What the task requires:
If pictures appear, leave them out, and return exactly the lines from the one holding "Back view showing" through the last line of the listing below.

Raw data:
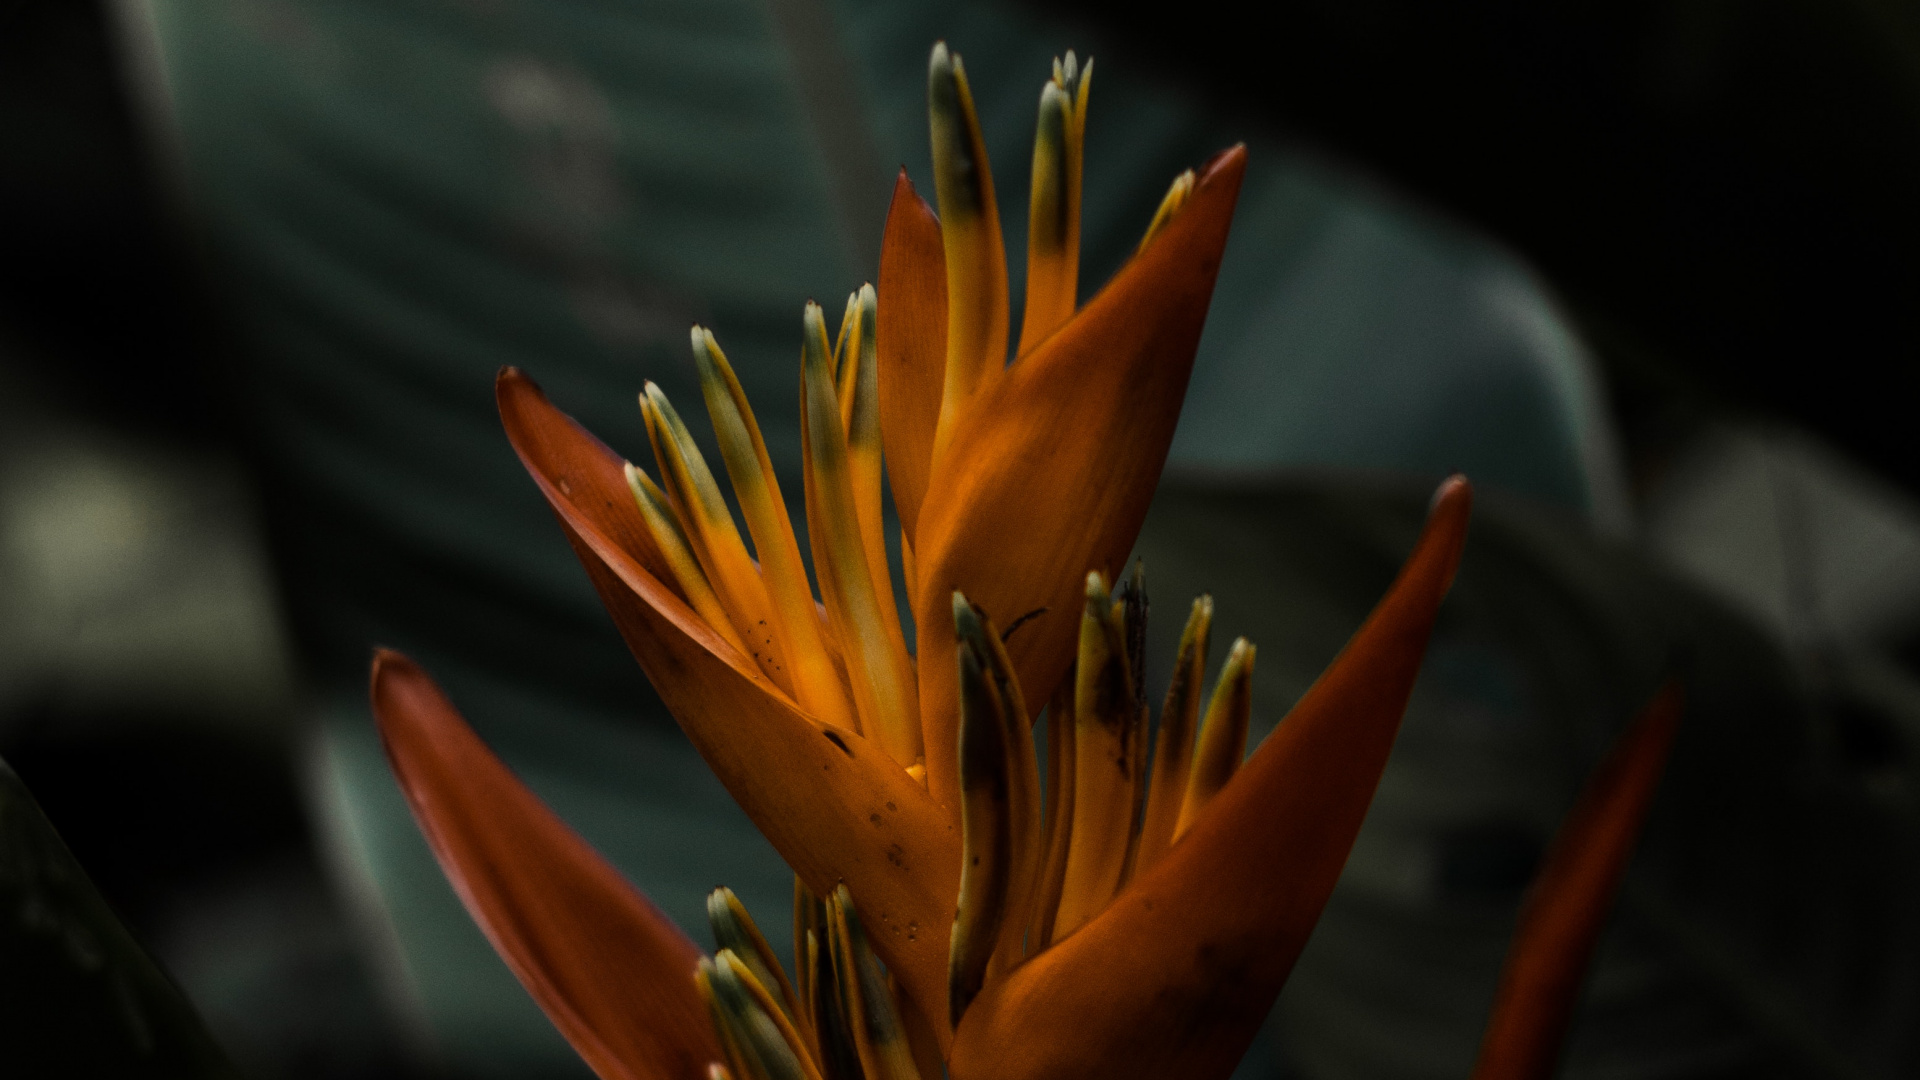 Orange Flower in Close up Photography. Wallpaper in 1920x1080 Resolution
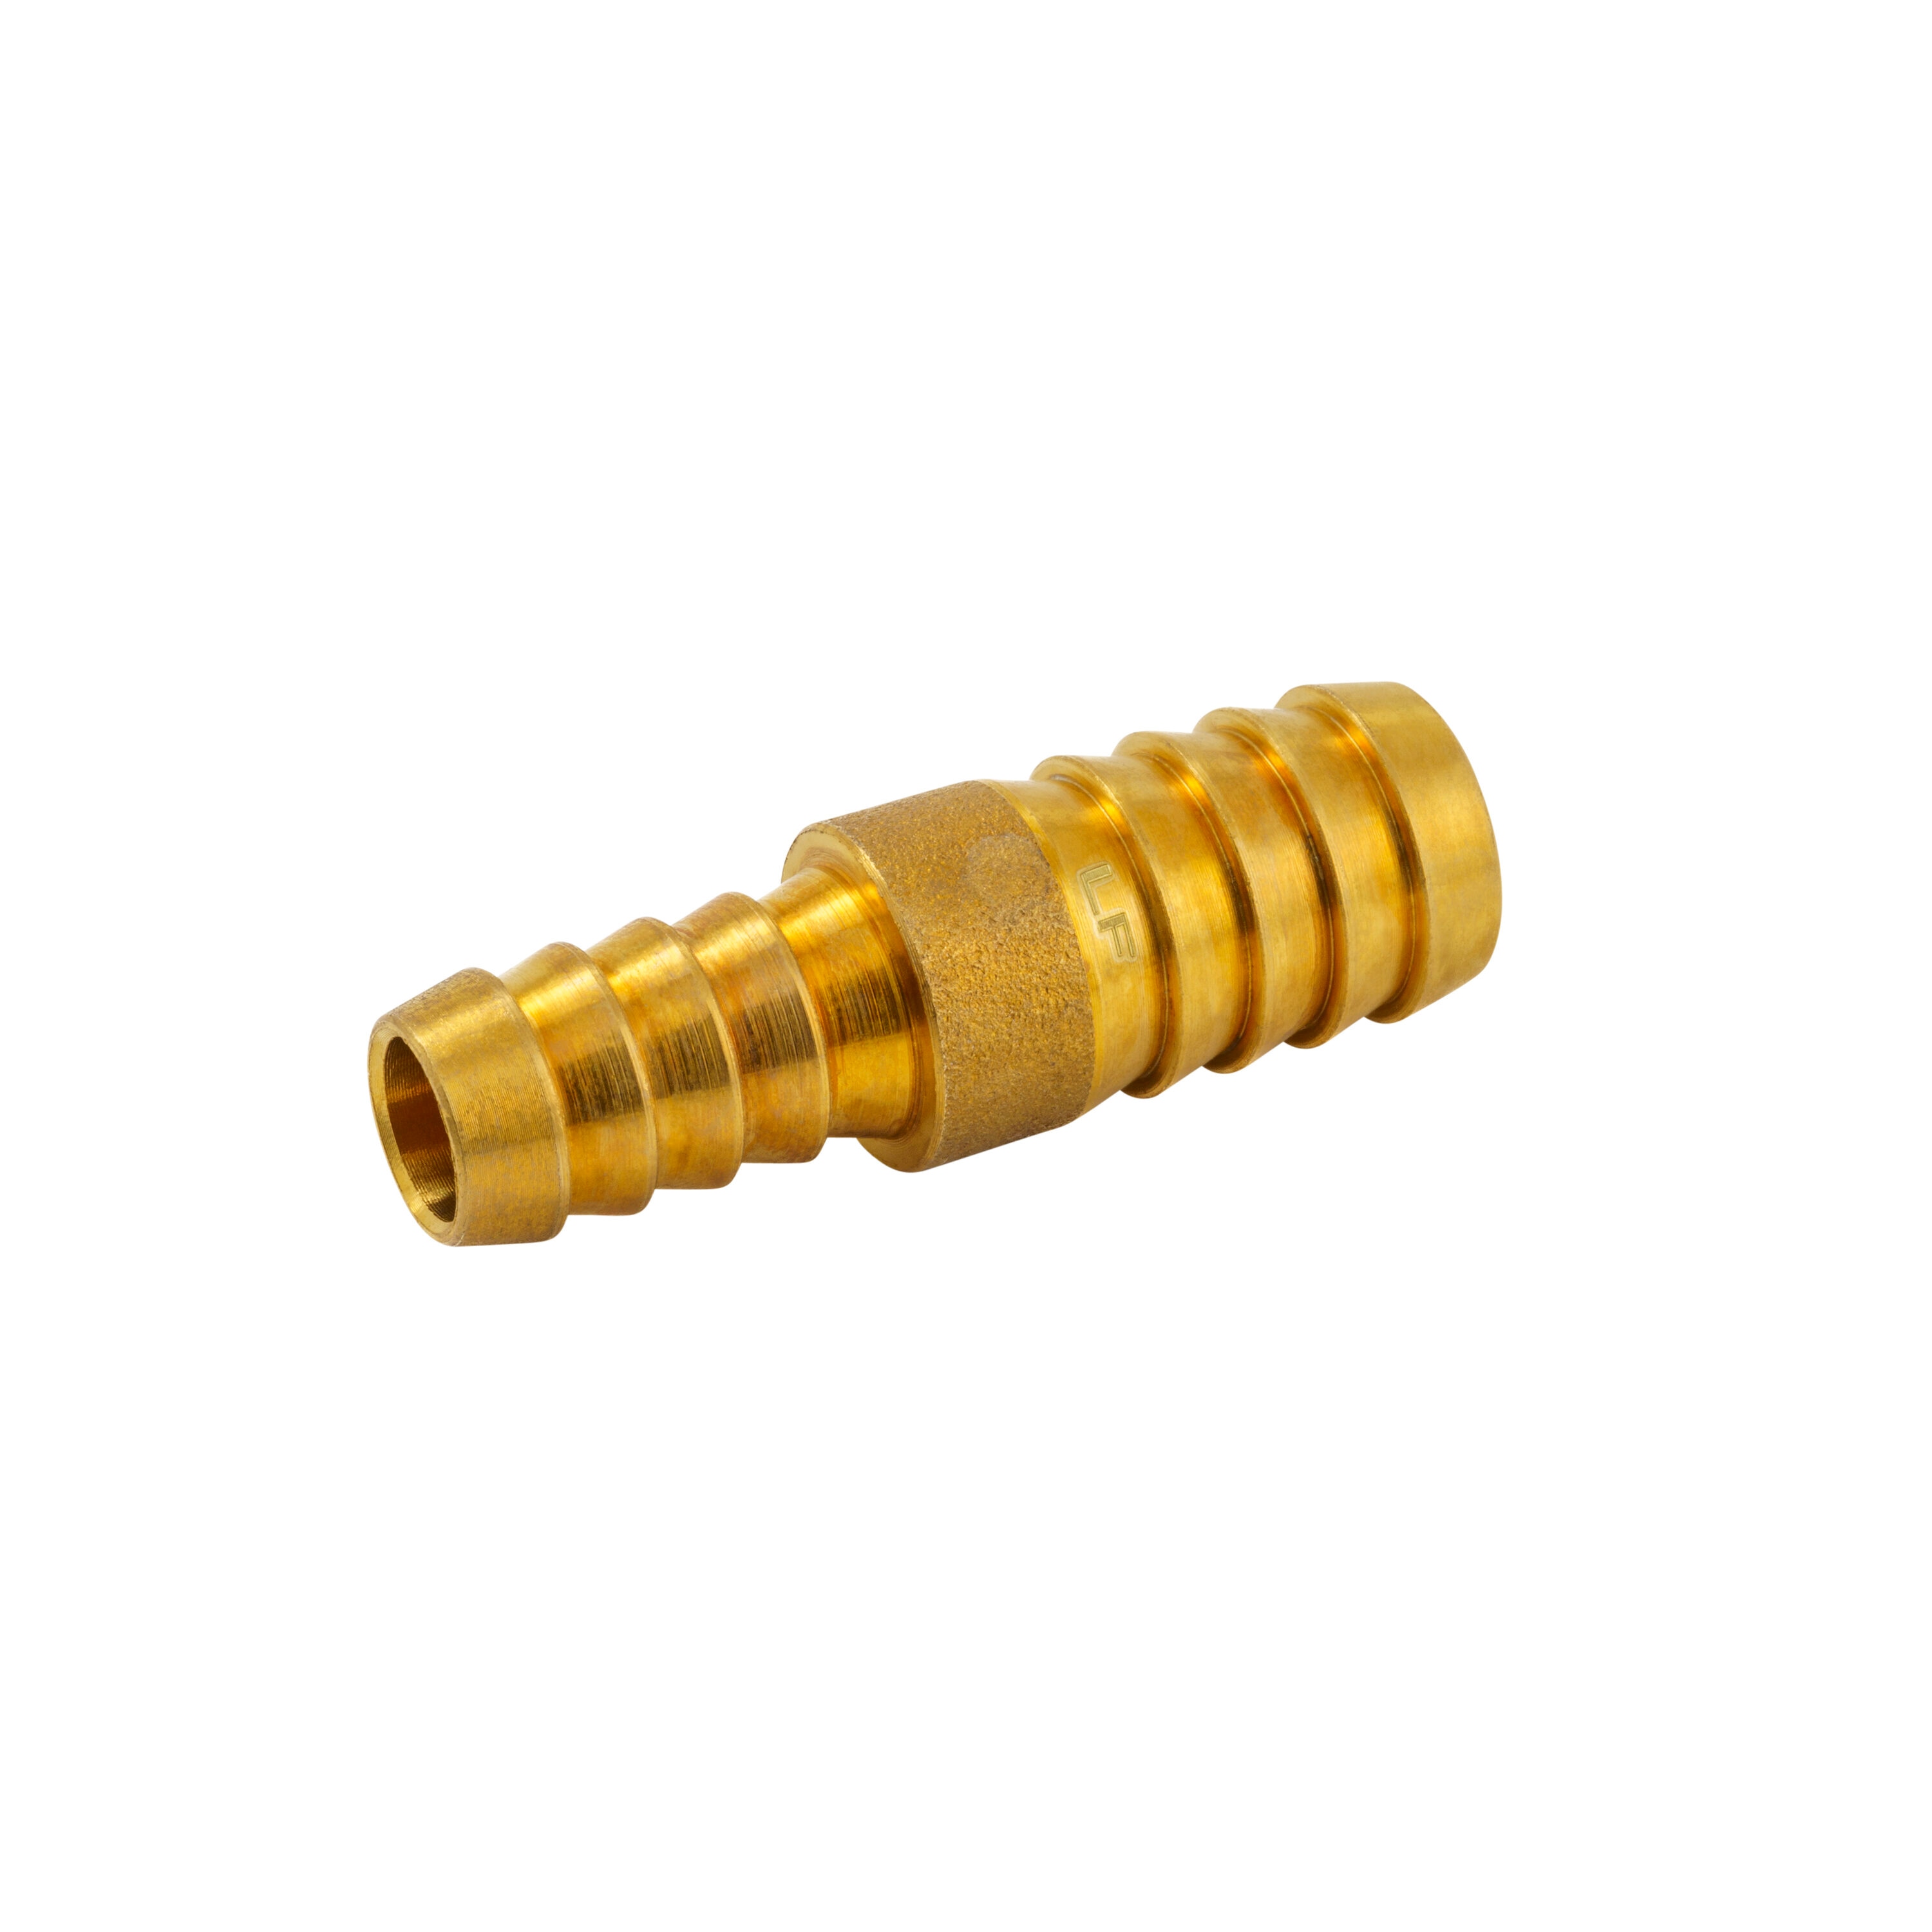 NEW (2) PK. BRASS 3/8 IN. MNPT X HOSE BARB STRAIGHT FITTING FOR 3/8 IN. ID  HOSE
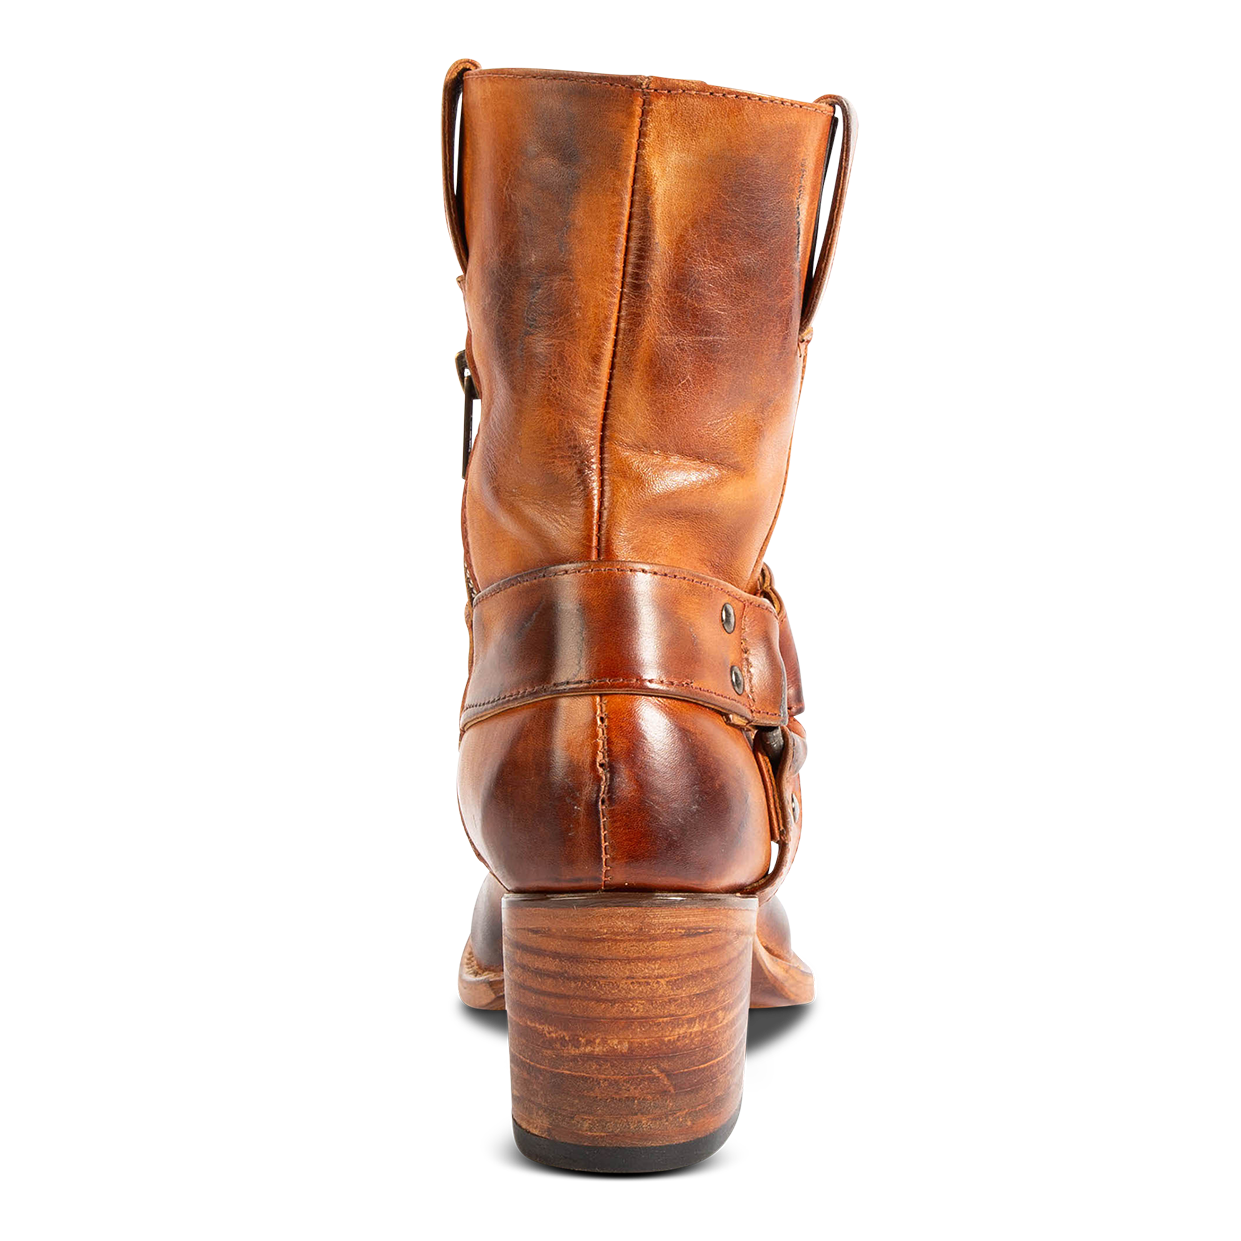 Back view showing FREEBIRD women's Darcy whiskey boot with leather pull straps, inside zip closure, and square toe
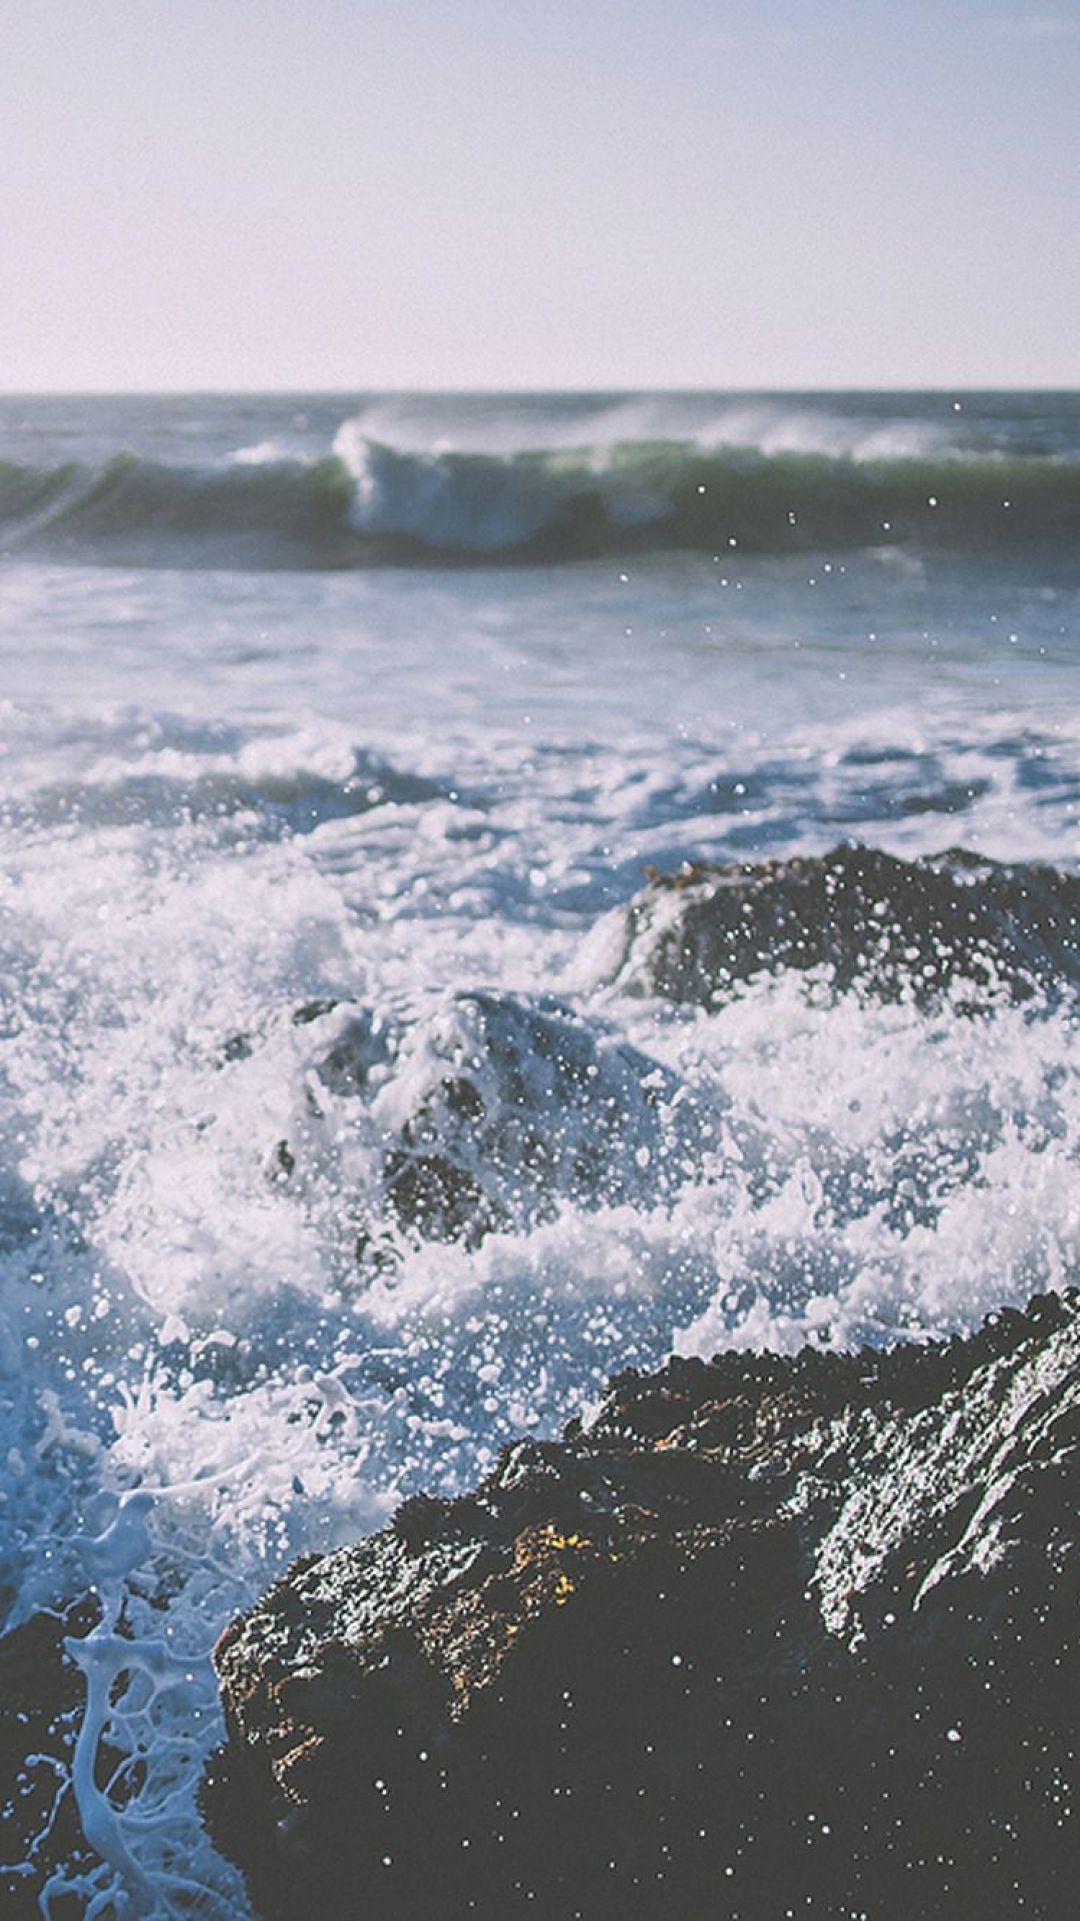 IPhone wallpaper with a picture of the sea - Ocean

Response area:
 Back view showing FREEBIRD women's Darcy whiskey boot with leather pull straps, inside zip closure, and square toe
 IPhone wallpaper with a picture of the sea - Ocean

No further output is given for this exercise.